Same as with Slack/IRC - privacy is not the most important features in that space. If I have the choice of a working solution with some minor privacy issues and a solution which will never be adopted b/c half of the people will not be able to join or their experience is miserable, I will gladly take the former (except for the most delicate conversations maybe).
(And I am someone who takes privacy serious in most cases...)
When folks are trying to get stuff done in tough circumstances NO ONE has ANY patience for the home built / funky / privacy enhanced multi-click setup. Especially not the top executives now dialing in from home who aren't tech forward. IT doesn't want to trouble shoot things either - all of a sudden you have 1000+ folks video conferencing.
I'd be interested in these dealbreaker privacy problems in the current client.

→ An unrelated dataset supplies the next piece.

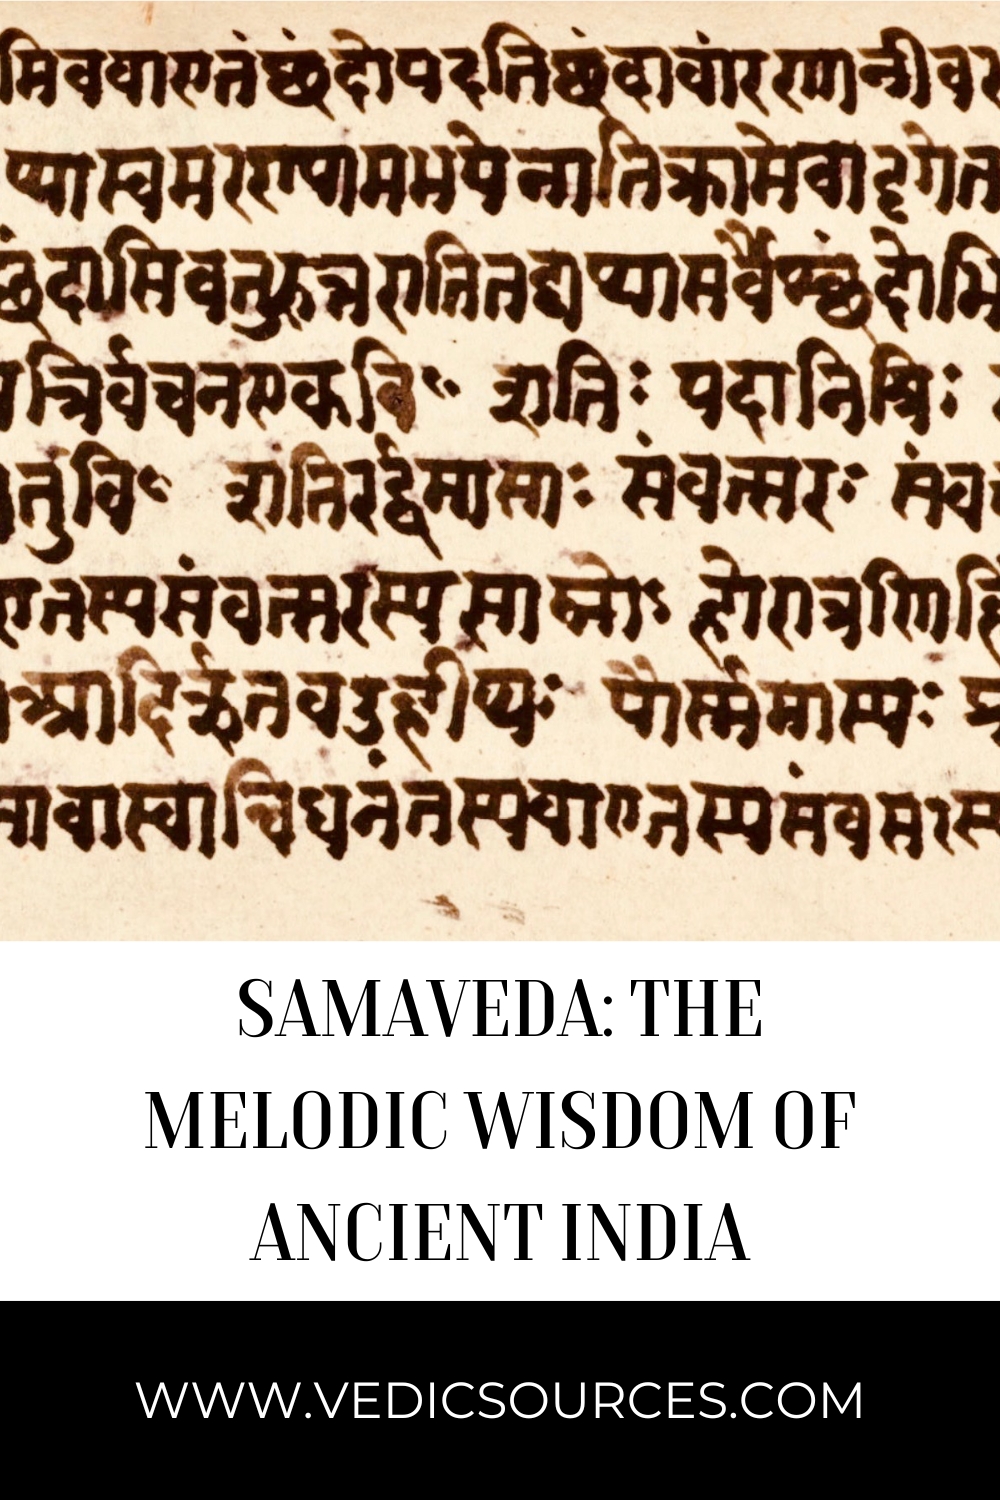 Samaveda: The Melodic Wisdom of Ancient India

Did a call recently, host wanted to google hangouts. 50% could not get in. Finally someone else said let's just use Zoom. 1 minute later we are all in. I think google doesn't work well with domains with hangouts meet blocked if you invite folks on those so they need to spin up a different account. Or people don't know meets is restricted to domain users only? Or get confused between hangouts / chat / meets etc. Something is wonky sometimes with google in terms of 5 solutions to one problem.
I'm seeing comments how how good Jitsi is, but can someone categorically say Jitsi is comparable to or better than Zoom?
The advantages of Zoom are ease of setup, smooth simultaneous video experience (tiled) for 20+ participants, and breakout rooms. The experience is so good that I was convinced to fork out my own money for a personal subscription. If Jitsi can do all of the above, I'd be inclined to try it out for my next meeting.
I have not tried Zoom or Jitsi Meet in such settings and can't compare. They both have some useful options and slightly more options than Big Blue Button (like the Youtube streaming in Jitsi Meet that will save bandwidth).
Can confirm Firefox-dev on Linux has no working video.
iOS doesn’t support videoconferencing in the browser - you have to download the app.
Works fine though not tested mic(muted on system).
AFAIK Firefox on GNU/Linux uses Gstreamer. Maybe you need to install gstreamer codec packages.
Update: Firefox switched to FFmpeg and removed Gstreamer support some time ago. I have FFmpeg installed from rpmfusion, but I don't know if that's relevant to WebRTC and Jitsi.
(from a desktop Linux user years 1996-2004)
It is being worked on [1].
Firefox was a supported browser but they took it off the list in January until this issue is fixed. [2]
[1] https://github.com/jitsi/jitsi-meet/issues/4758#issuecomment...
[2] https://github.com/jitsi/jitsi-meet/pull/5017
[1] https://support.zoom.us/hc/en-us/articles/214629443-Zoom-Web...
I have actually considered running an instance of jitsi meet where I block out all non-chrome browsers. I don't like it, but if you pragmatically want something that works...
I really feel in this situation Mozilla should put all resources on fixing issues like these.
p.s. Discord has no problems with my audio
Nothing to download, if you don't want to
On top of that it's open source and end to end encrypted.
Disclaimer: no affiliation, just a happy user.
The website says it’s “fully encrypted,” which I think is misleading.
[1] https://github.com/jitsi/jitsi-meet/blob/master/README.md#se...
Edit: WebRTC does not support end-to-end encryption for multiple peers. This means it’s impossible for any browser-supported videoconferencing platform to support e2e encryption, including Zoom and Jitsi. This is where Jitsi actually has a unique advantage - it can be self hosted, which offers the same security benefits as e2e encryption.